Task directions: Return the listing exactly, please; no pictures.
[Opening Source data section]
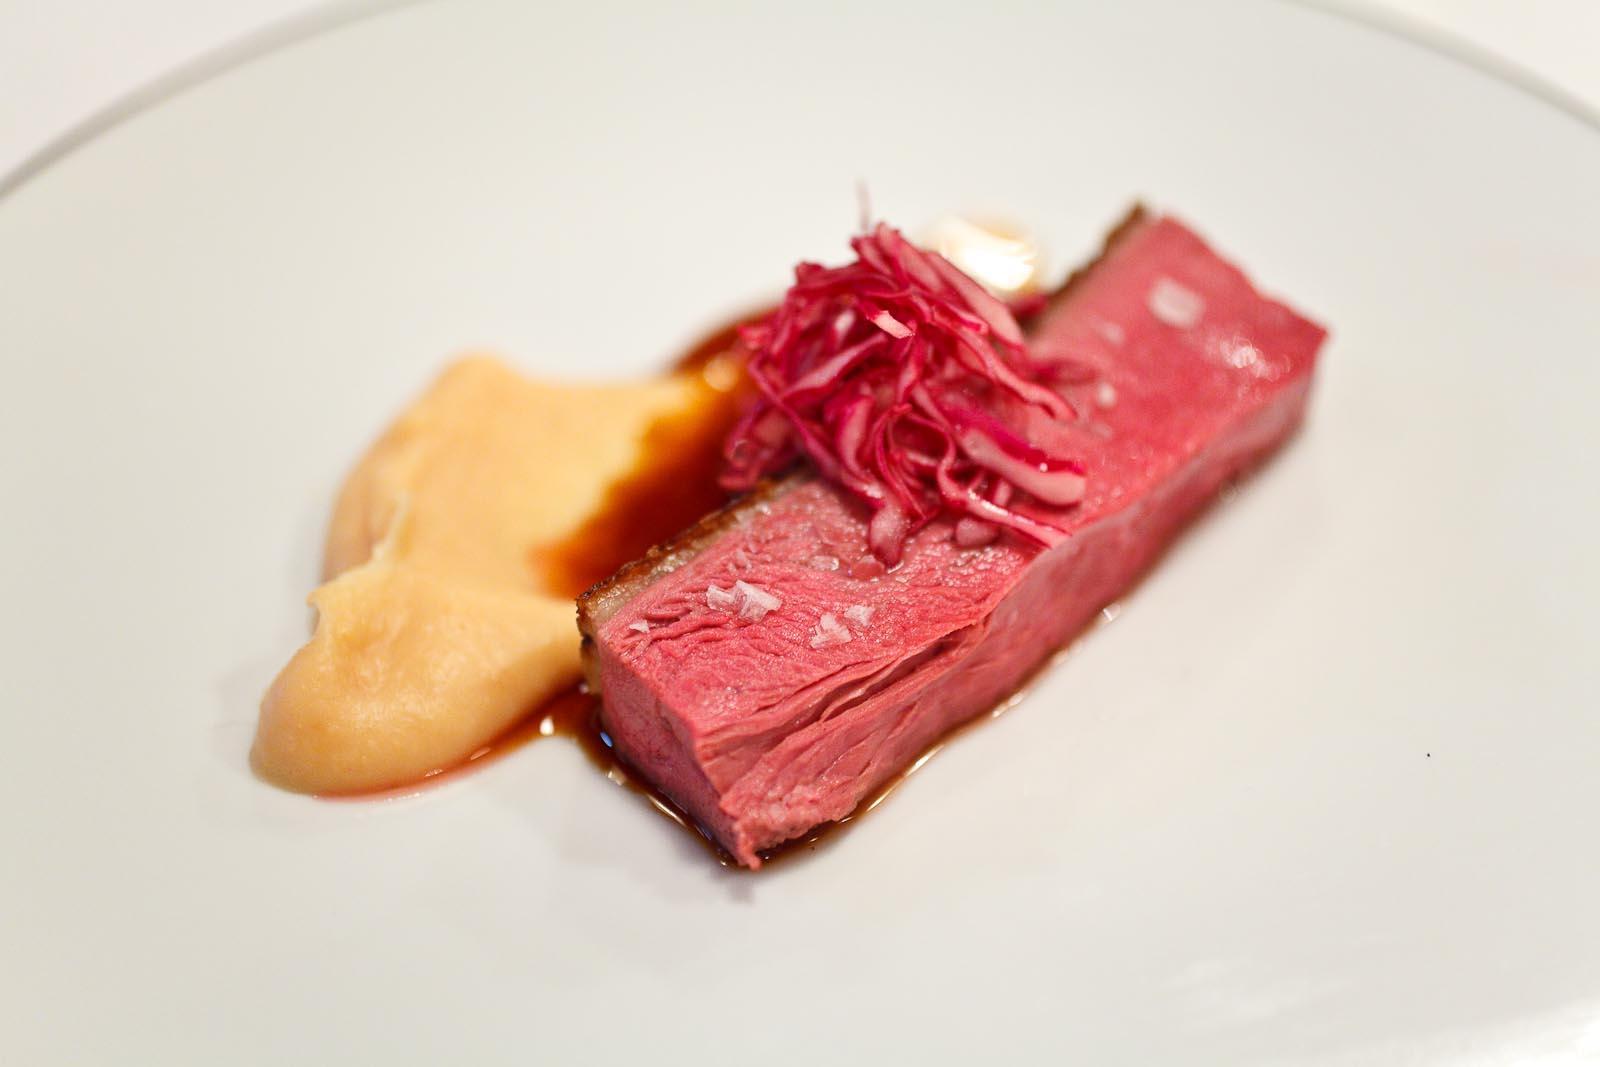 L'Agapé - Canard mallard de Landes - Chou-rouge, purée de coing, jus cuisson parfumé avec vinaigre fumé
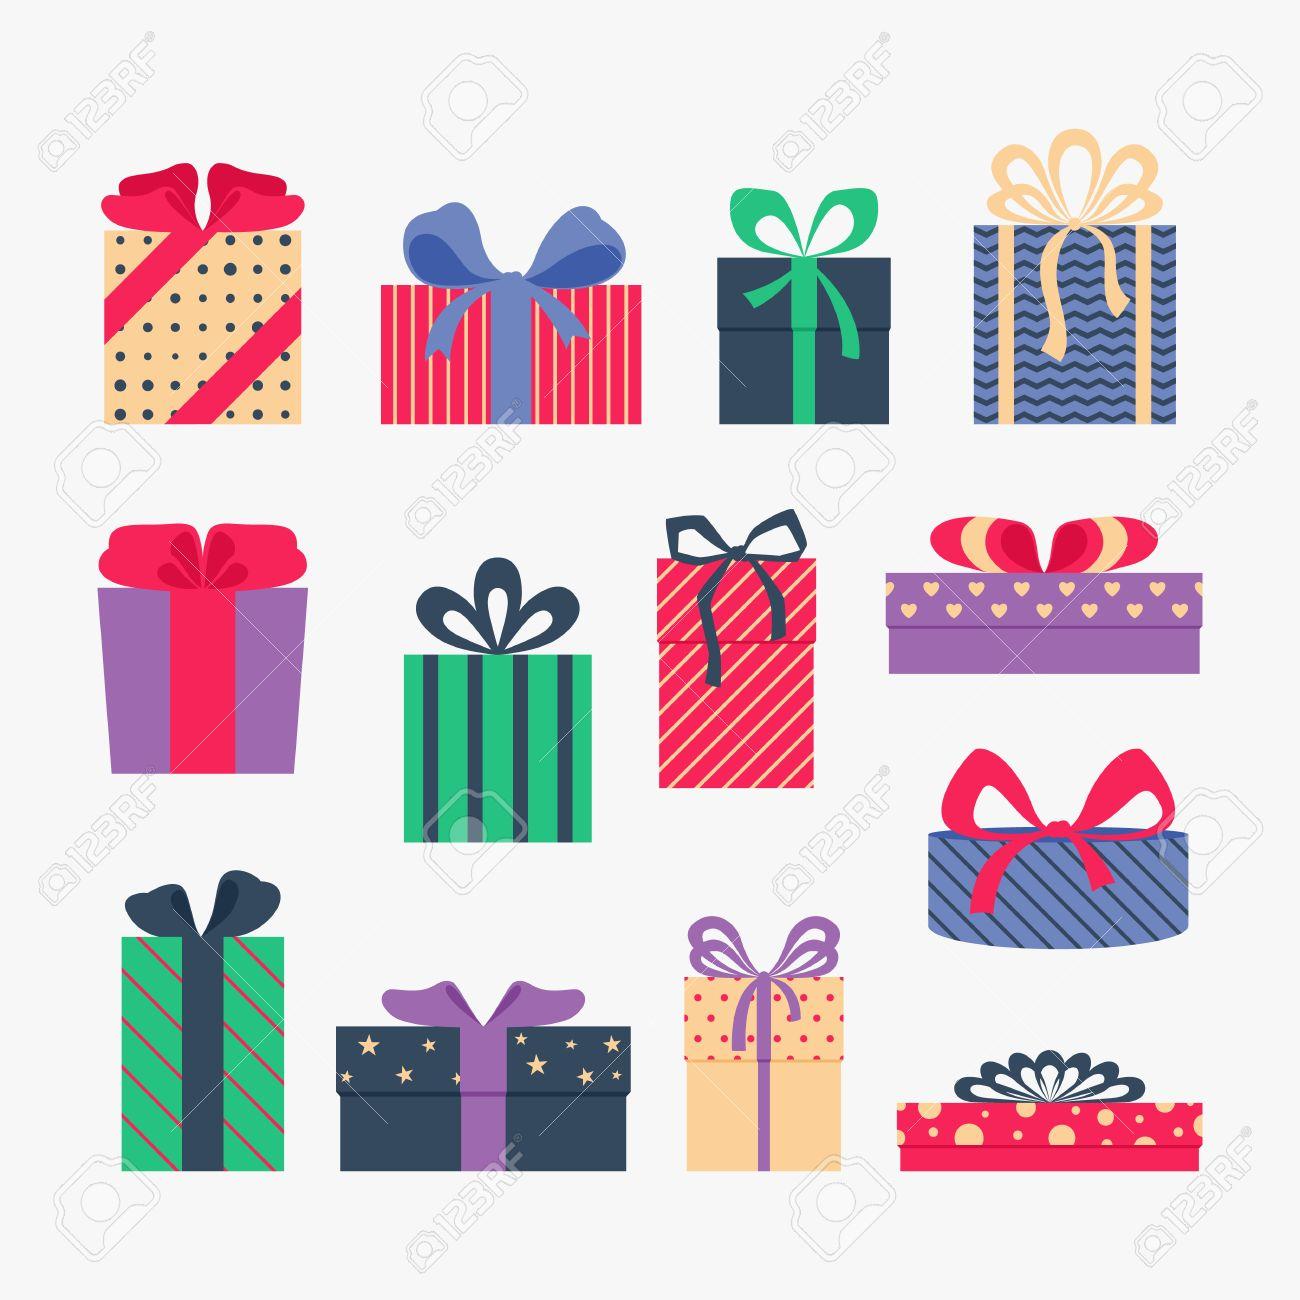 灰色の背景で隔離のかわいいカラフルなギフト ボックスのセットです。はがき、グリーティング カード。クリスマス プレゼント、販売。ベクトル イラスト。
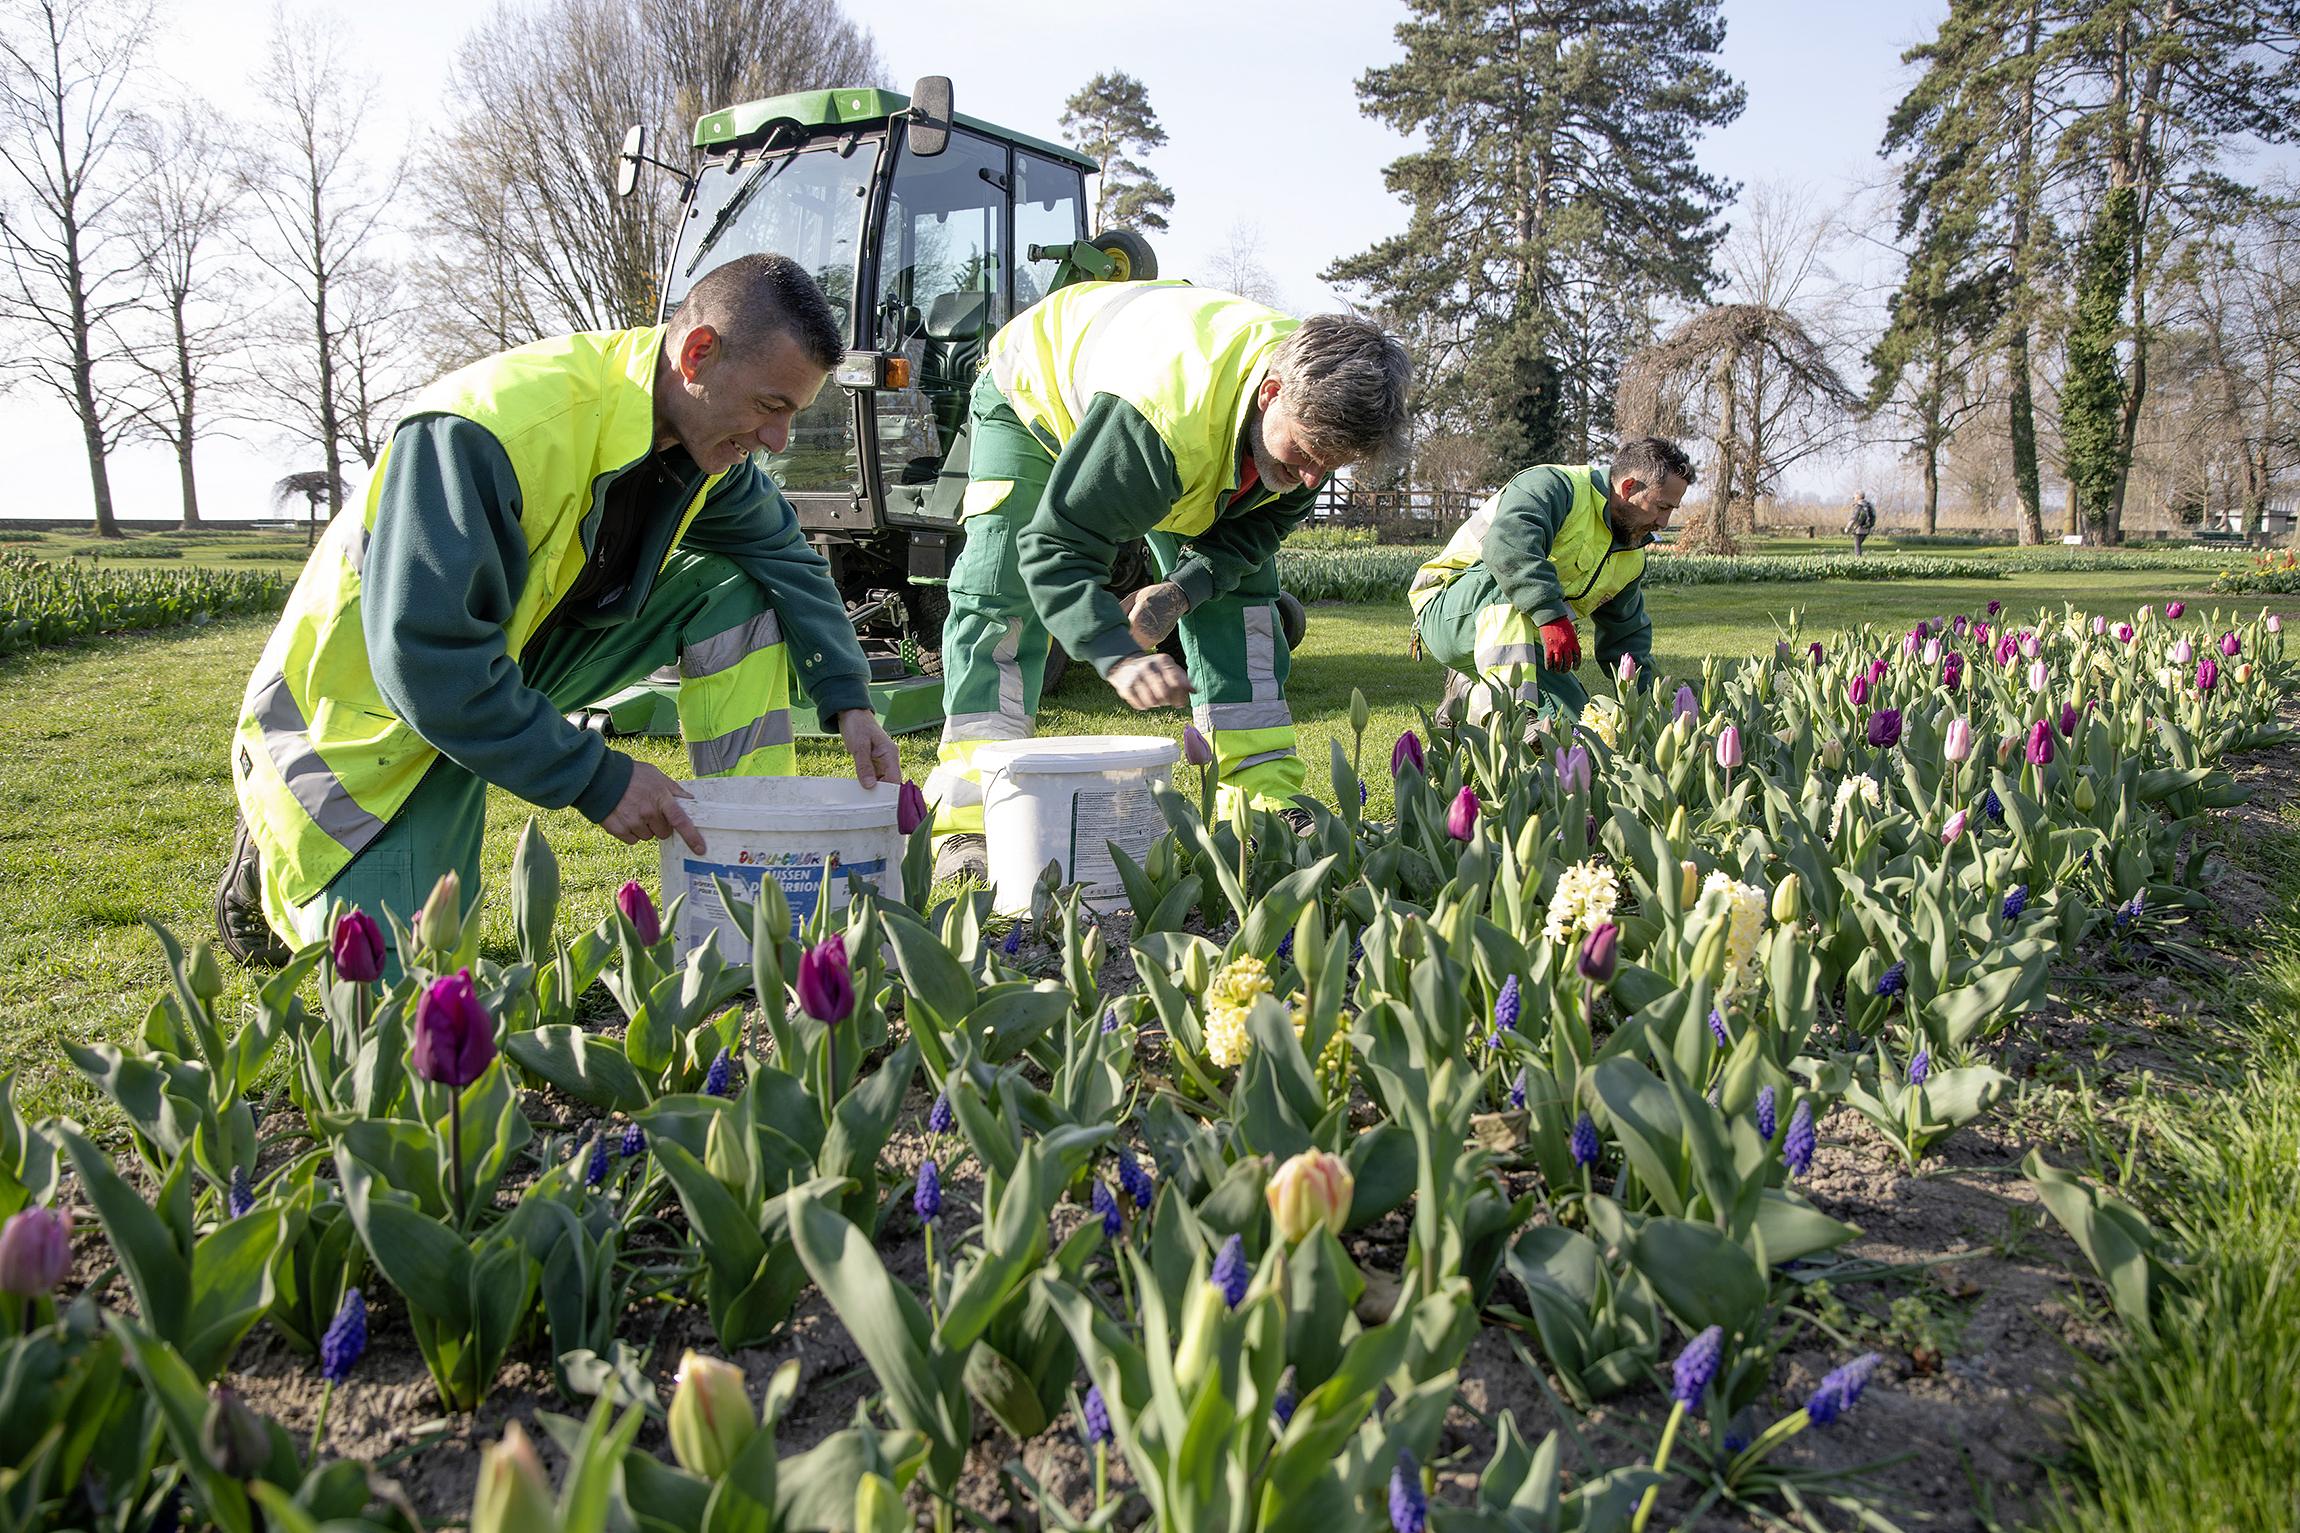 Les tulipes s'ouvriront mais pas le spectacle
[Closing Source data section]
Exercise output:
 L'Agapé - Canard mallard de Landes - Chou-rouge, purée de coing, jus cuisson parfumé avec vinaigre fumé
 灰色の背景で隔離のかわいいカラフルなギフト ボックスのセットです。はがき、グリーティング カード。クリスマス プレゼント、販売。ベクトル イラスト。
 Les tulipes s'ouvriront mais pas le spectacle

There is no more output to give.